Non ci importa sapere se George Lucas conosca la geneaologia storico-filosofica del ‘900. Mentre è importante notare che gli autori del film siano stati in grado di intuire come il gusto abbia spostato il suo interesse, da una rivolta compulsiva contro la Legge, alla richiesta simmetrica e opposta che pretende di riaffermare un principio di realtà.
In altre parole, l’inconscio politico del film ci sta avvisando che il popolo, la cui qualità di vita è stata deteriorata e stravolta, sembra aver perso progressivamente l’entusiasmo per un tipo di società atea per mettersi in cerca invece di un’ideologia da contrapporre, tanto alla schizofrenia liberista, quanto al maoismo della rivoluzione permanente. D’altronde, la classe dirigente degli ultimi trent’anni ha risposto a tali timori con un ampio spettro di feticci vuoti, ma apparentemente più sicuri, quali ad esempio quello della ‘governabilità’ (3).
3. Perché ci piace l’Impero
Sembra che sull’Impero si proiettino, quindi, almeno due istanze contrapposte e coesistenti: una immediatamente visibile, che è quella fuori tempo massimo della deriva autoritaria. Quest’ultima è ancora apprezzabile nel 1977, data più vicina alla conclusione del secondo conflitto mondiale, quando il primo episodio, The new hope (La nuova speranza), ricicla in un pasticcio post-moderno l’epopea bretone di King Arthur insieme all’immagine decodificata degli anni ’30 di uno Stato fortemente militarizzato con la sua peculiare simbologia nazi-fascista. Il film riscosse subito un grande consenso del pubblico nel quale era ancora vivissimo il trauma del totalitarismo.

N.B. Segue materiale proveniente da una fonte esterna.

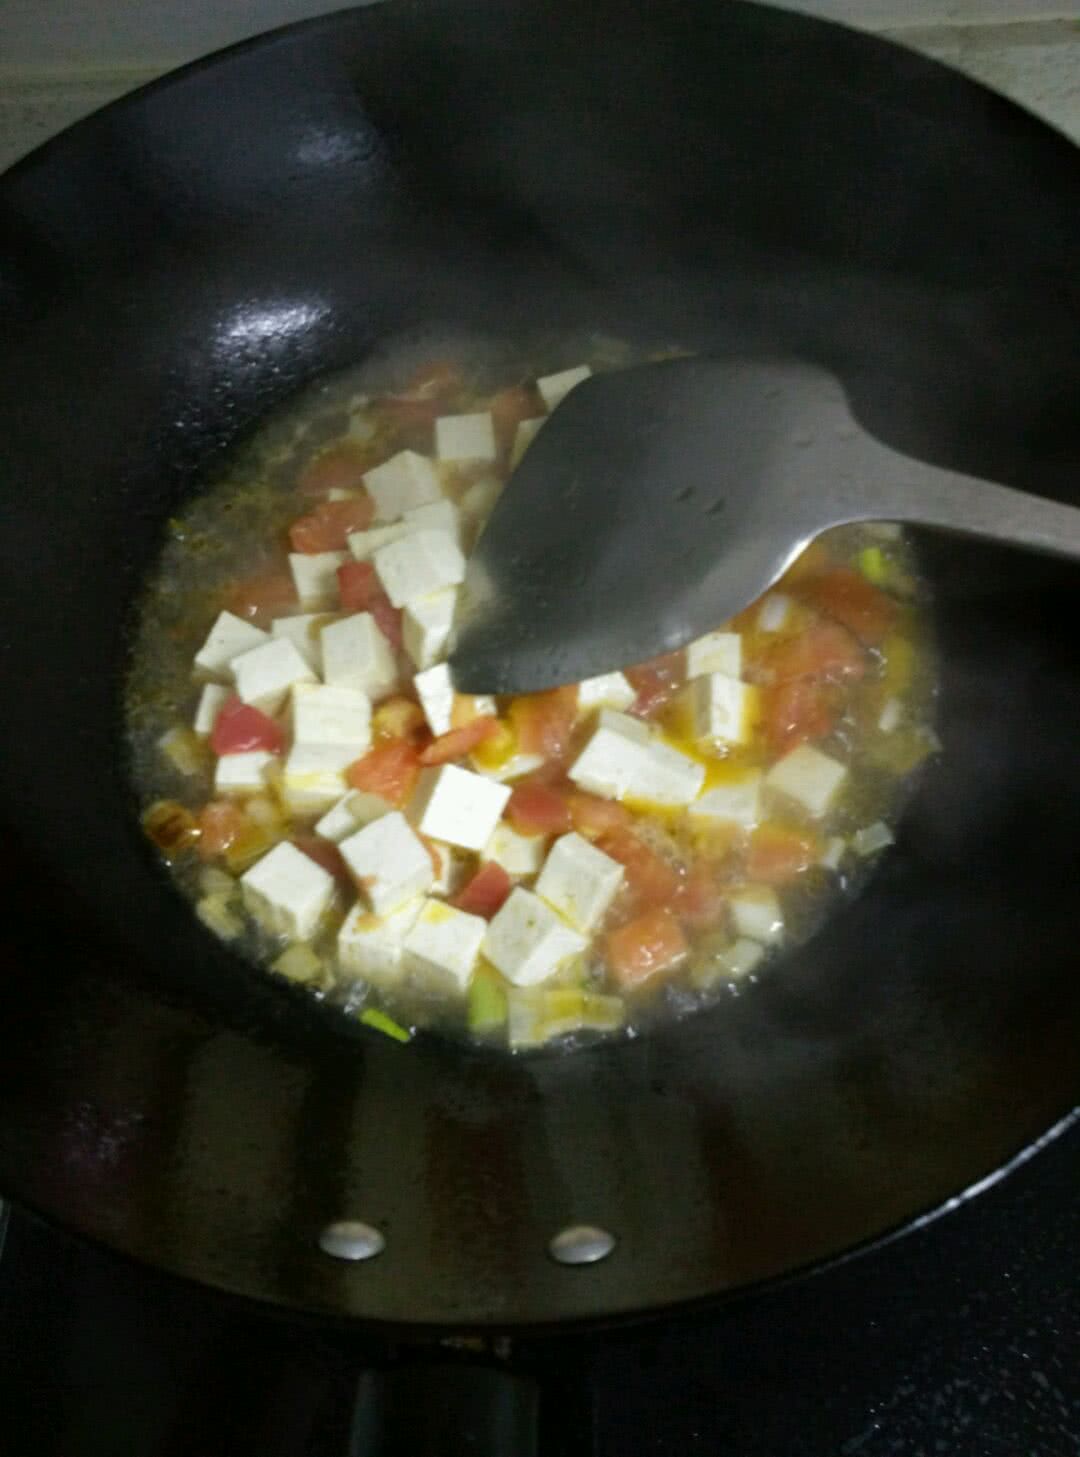 西红柿蛋汤的做法_【图解】西红柿蛋汤怎么做如何做好吃_西红柿蛋汤家常做法大全_忽略_豆果美食

Eppure, anche la ribellione aveva già preso a far parte in quell’epoca di un’innocua operazione estetica, che però divenne utile alla produzione cinematografica nella misura in cui tale immagine mitica riusciva ancora ad essere consumata dai suoi fans nonostante i problemi profilatesi in quegli anni apparivano ormai di tutt’altra natura. Alla fine dei ’70 si colloca infatti il capolinea di un ciclo di lotte sindacali dopo il quale il modello conflittuale tra capitale e lavoro, svoltosi finora nell’ambito delle normative nazionali, comincia ad essere esautorato da particolari soggetti economici apolidi, cui viene concesso di interferire in assenza dei normali vincoli istituzionali propri della social-democrazia.
4. Il ritorno del rimosso
Nel pieno sviluppo di questo processo l’Impero cambia verso, e viene offerto ora in pasto al suo pubblico come un organismo stabile, nemico del relativismo. Subentra dunque l’invocazione della Legge innanzi alla quale folle scalpitanti compiono periodicamente un rito catartico quando si danno appuntamento al cinema col fine di placare il proprio stato d’angoscia.
Tuttavia, siamo di fronte a una censura. La figura di Darth Vader infatti suscita attrazione non soltanto a causa di una tipica esibizione fallica che lo pone al di sopra di una massa mediocre. Quanto piuttosto perché, essendo il fautore di una grande narrazione, promette di recuperare l’ideologia in un mondo che ne è privo. Di conseguenza, potremmo fare nostra l’analisi di Walter Benjamin sull’opera d’arte come testimonianza simultanea di barbarie e civiltà, per cui l’istanza conservatrice dell’Impero si rovescia anche nell’unica direzione utopica sostenibile nel presente: la prospettiva di organizzare una società capace di imbrigliare nelle sue regole il punto di vista del mercato insieme alla sua violenza (4).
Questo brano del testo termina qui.